Second, the ALJ properly discounted Plaintiff's complaints regarding the severity of her pain as inconsistent with a conservative treatment plan. See Meanel v. Apfel, 172 F.3d 1111, 1114 (9th Cir. 1999) (ALJ properly considered, as part of credibility evaluation, treating physician's failure to prescribe, and claimant's failure to request, medical treatment commensurate with the "supposedly excruciating" pain alleged, and the "minimal, conservative treatment") (citation omitted); see Fair v. Bowen, 885 F.2d 597, 604 (9th Cir. 1989) (ALJ permissibly considered discrepancies between the claimant's allegations of "persistent and increasingly severe pain" and the nature and extent of treatment obtained). Dr. Soltz repeatedly noted that treating orthopedic surgeon Ralph N. Steiger, M.D. ("Dr. Steiger") "treated [her] conservatively." (AR at 390; see also id. at 222, 392, 414.) With respect to Plaintiff's mental impairments, Dr. Soltz reported that "[i]t is interesting to note that her medications are fairly minimal on a psychiatric basis or at least she does not require any heavy anti-depressants or anti-psychotics." (Id. at 412.) At one point, Plaintiff even professed her own desire to be treated without pain medication. (See id. at 466 (Dr. Soltz's treatment notes dated March 16, 2006 stating that Plaintiff "told me if she is sent to pain management, she will refuse to take any medication" and "wants a pain management approach that is non-medicated").)

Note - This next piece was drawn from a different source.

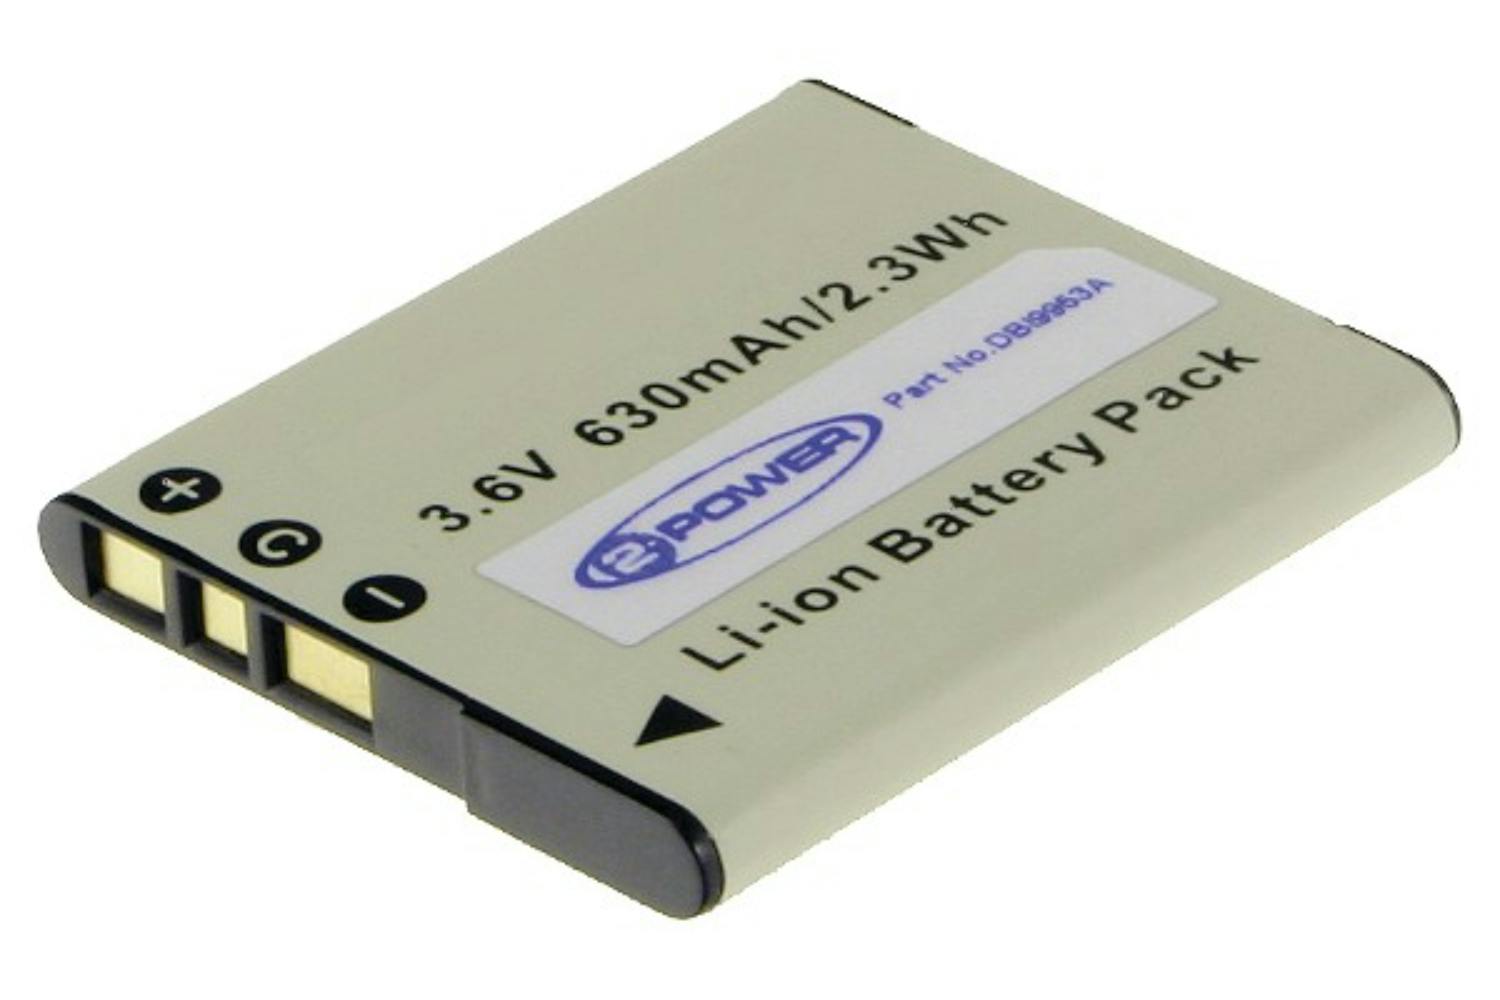 2-Power 630mAh Digital Camera Battery

Third, the ALJ properly discounted Plaintiff's subjective complaints as inconsistent with her conduct. (AR at 21 (ALJ finding that Plaintiff is not credible due to her "wide range of activities of daily living")); see Thomas, 278 F.3d at 958-59 (inconsistency between the claimant's testimony and the claimant's conduct supported rejection of the claimant's credibility); Verduzco v. Apfel, 188 F.3d 1087, 1090 (9th Cir. 1999) (inconsistencies between claimant's testimony and actions cited as a clear and convincing reason for rejecting the claimant's testimony). Substantial evidence supports the ALJ's finding. For instance, throughout the record, Plaintiff's medical providers noted that she is able to drive, attend football games and takes vacations (such as a cruise, a trip to Las Vegas, the "mountains," and Martha's Vineyard) and even reported on occasion that she is "relatively asymptomatic" while engaging in such activities.*fn3 (See AR at 401, 417, 471, 478, 493, 496, 501, 506.)

Fourth, the ALJ rejected Plaintiff's statements based on her "problematic presentation to her mental health providers." (AR at 21.) This is a clear and convincing reason. See Tonapetyan, 242 F.3d at 1148 (ALJ properly discredited Plaintiff's subjective complaints based on her tendency to exaggerate her symptoms). A review of the record demonstrates that Plaintiff's physicians repeatedly found that she exaggerated her symptoms. (See, e.g., AR at 230, 236, 291, 417, 423, 439, 450.)

Thus, the ALJ provided legally sufficient reasons supported by substantial evidence for discounting Plaintiff's subjective complaints of pain.

Based on the foregoing, IT IS ORDERED THAT judgment shall be entered AFFIRMING the decision of the Commissioner denying benefits.